---------- Supplied information ----------

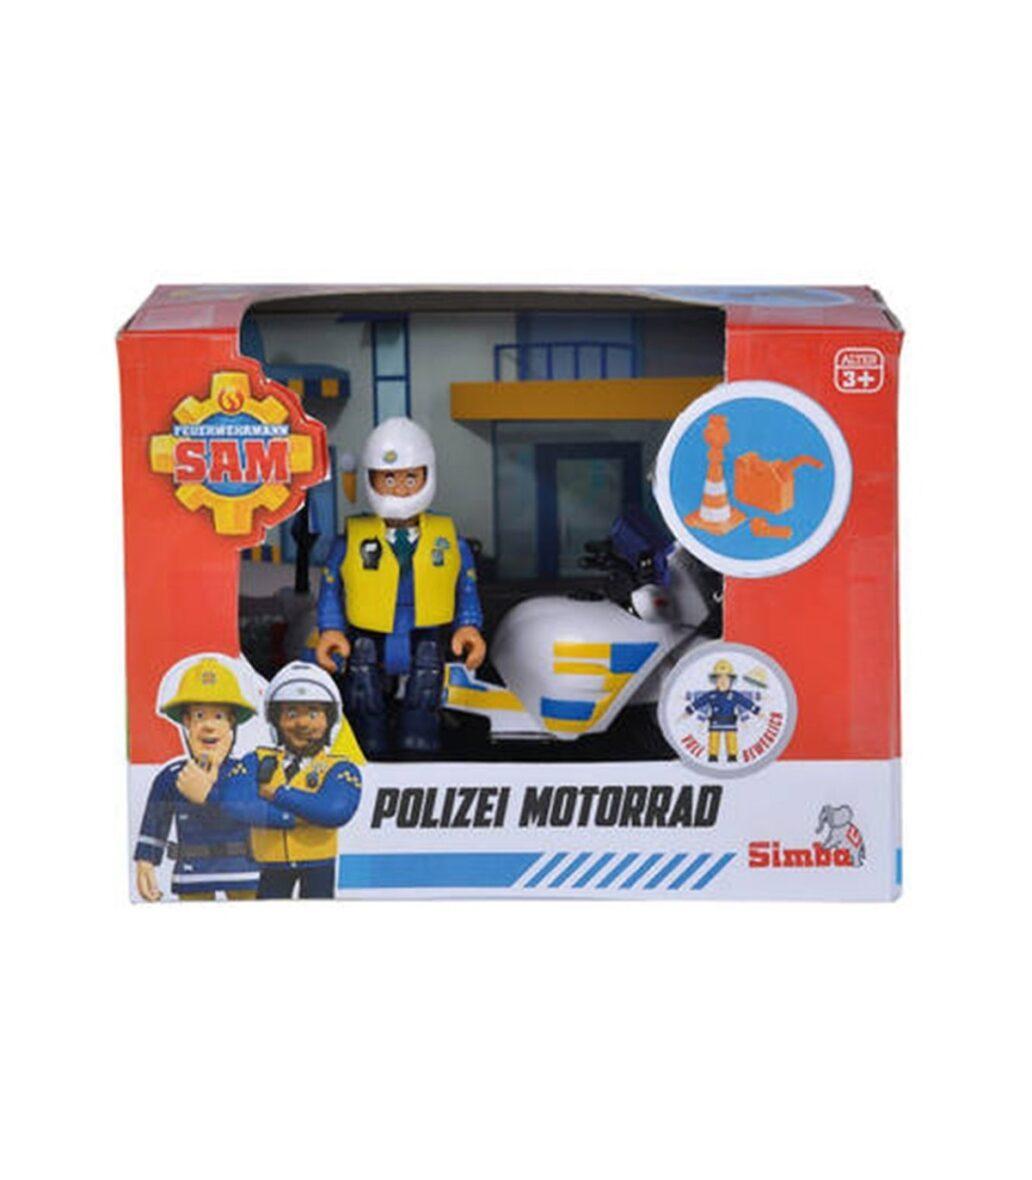 Sam Police Motocicleta Figurina
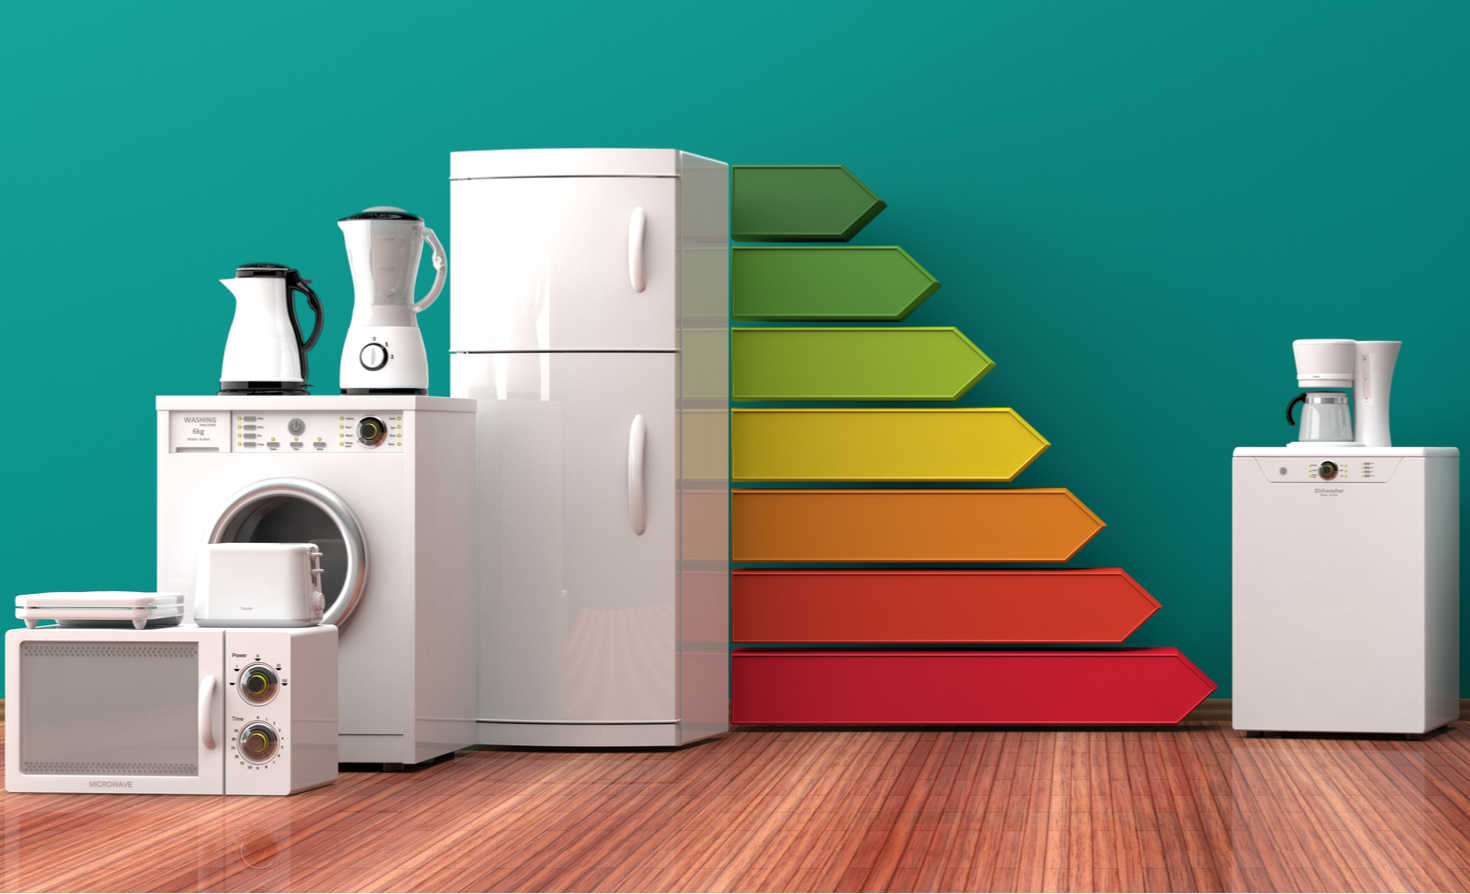 Is personalization the key to energy efficiency? | Greenbiz
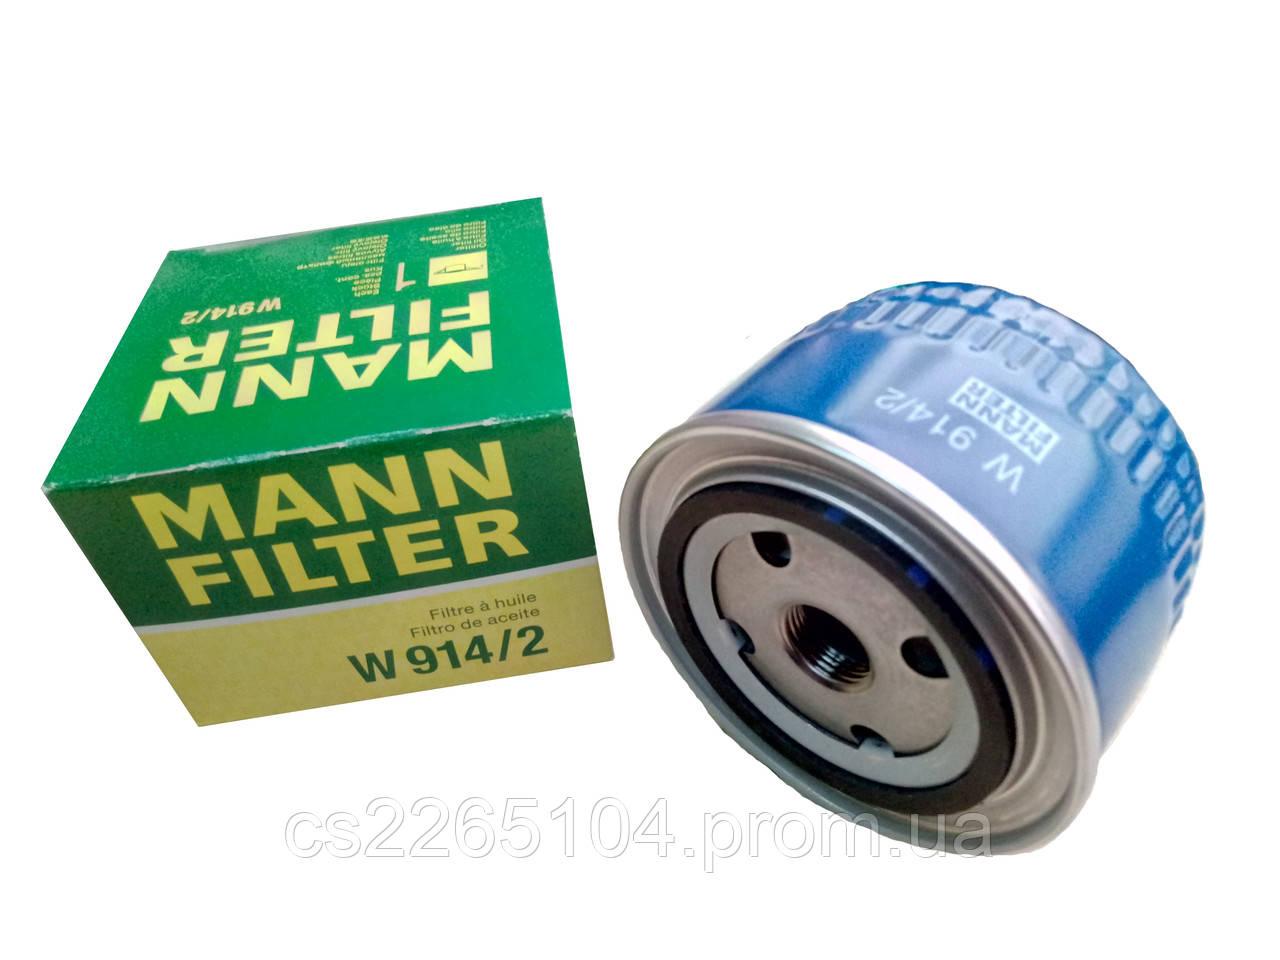 Фильтр масляный ВАЗ 2108-2115 MANN (Оригинал)

----------

Work instruction ▸
Where a picture appears in the listing above, skip it and set down all the rest exactly.

Written reply ▸
 Sam Police Motocicleta Figurina
 Is personalization the key to energy efficiency? | Greenbiz
 Фильтр масляный ВАЗ 2108-2115 MANN (Оригинал)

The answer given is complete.